The included collection of articles is diverse in terms of topics, methodologies, and environmental domains. Three papers are related to environmental crises and the ways the environment can help us cope when faced with unusual situations. Regarding the recent COVID-19 pandemic, Bernat et al. [3] assessed students in Lubin, Poland and found that recreational areas, especially those with nature, scenic views, and therapeutic values, gained importance among students during the pandemic. Scrima et al. [4] examined the perspective of employees in a COVID-19 vaccination centre and found that their appreciation of art at the workplace was associated with less work-related exhaustion. Chan et al. [5] examined dilemmas over relocation after a natural disaster, flash flooding, in Ellicott City, USA. Their study showed how leaving one’s home after a crisis is a complex dilemma involving communal, historical, environmental, emotional, and economical considerations.

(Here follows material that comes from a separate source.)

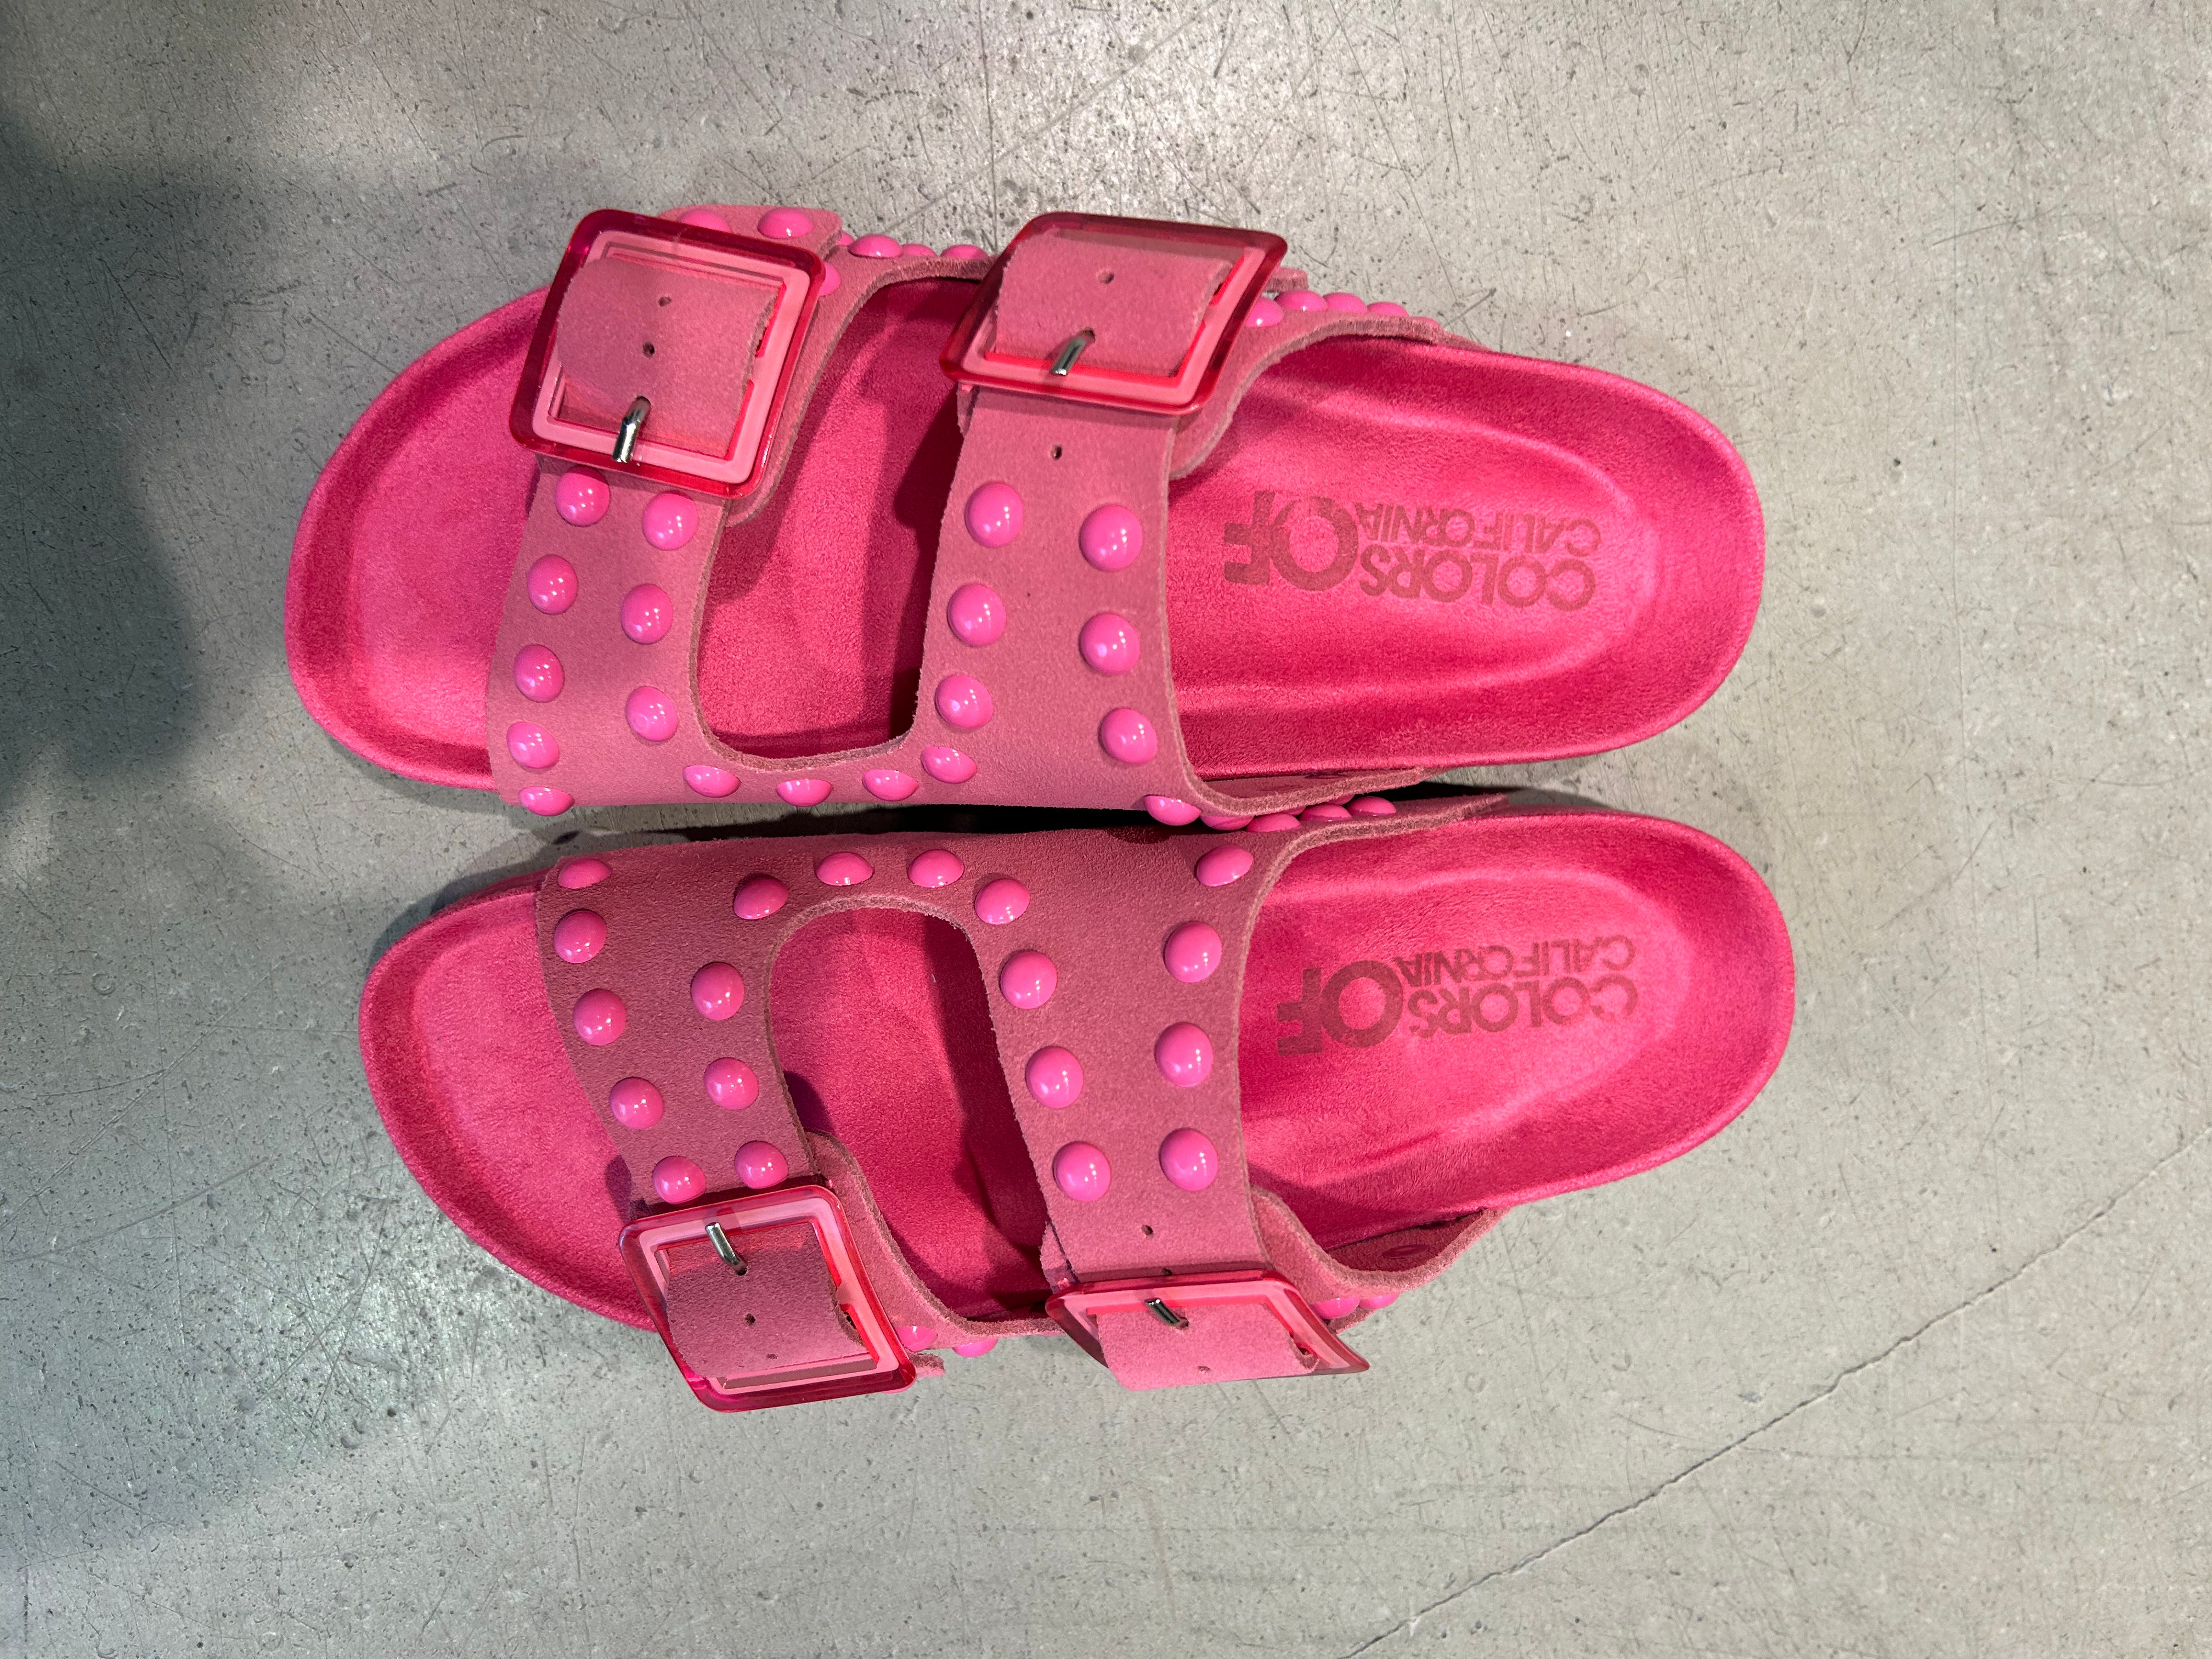 Schuhe Colours of pink Nieten
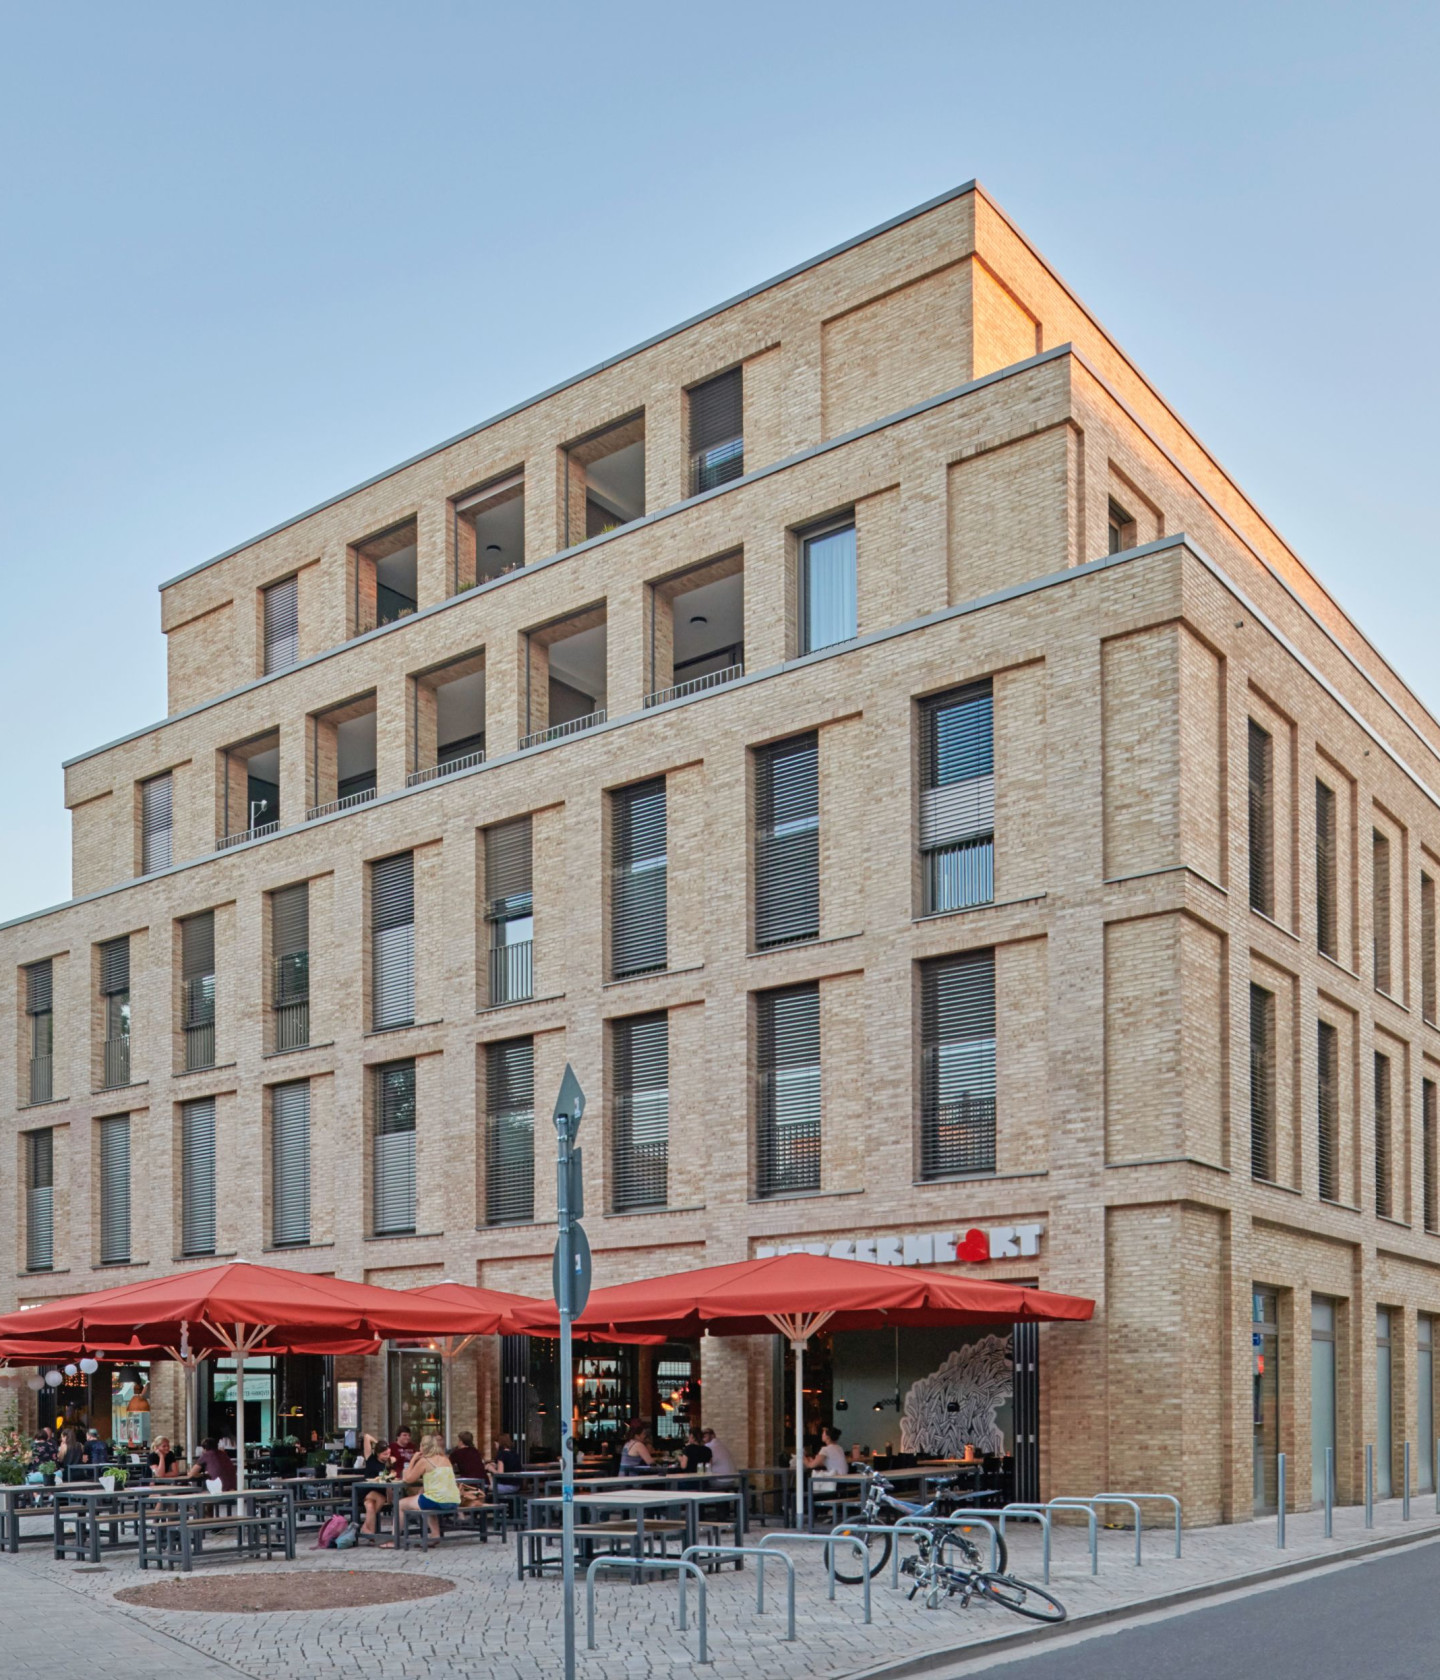 Bild: Das Gebäude MARQ auf dem Marstallplatz in Hannover mit Außen-Gastronomie.

Four papers focus on the connections between mental health and everyday places and spaces. Swahn et al. [6] presented views from an underrepresented population in academic research, i.e., young women residing in urban slums in Kampala, Uganda. The participants identified social and physical environmental features in their neighbourhoods that elicited both positive and negative emotions, and relatedly, reflected on their mental health. The papers by Zhang et al. [7] and Reece et al. [8] focused on immediate responses to outdoor scenes with the presence of greenery and historical or heritage value. Zhang et al. [7] found that the proportion of grass and water in a heritage landscape predicts emotional responses to historical landscapes and observed that deep-learning facial recognition was able to detect more subtle changes in valence than self-reported measures. Reece et al. [8] found that the presence of historical elements—but not greenery—was associated with self-reported emotional responses to outdoor urban settings, whereas brain activity responded more clearly to greenery. Focusing on transitional spaces between indoor and outdoor settings, which have received little research attention so far, Li et al. [9] concluded that viewing curved elements in these spaces reduced both physiological and psychological stress more than viewing linear elements.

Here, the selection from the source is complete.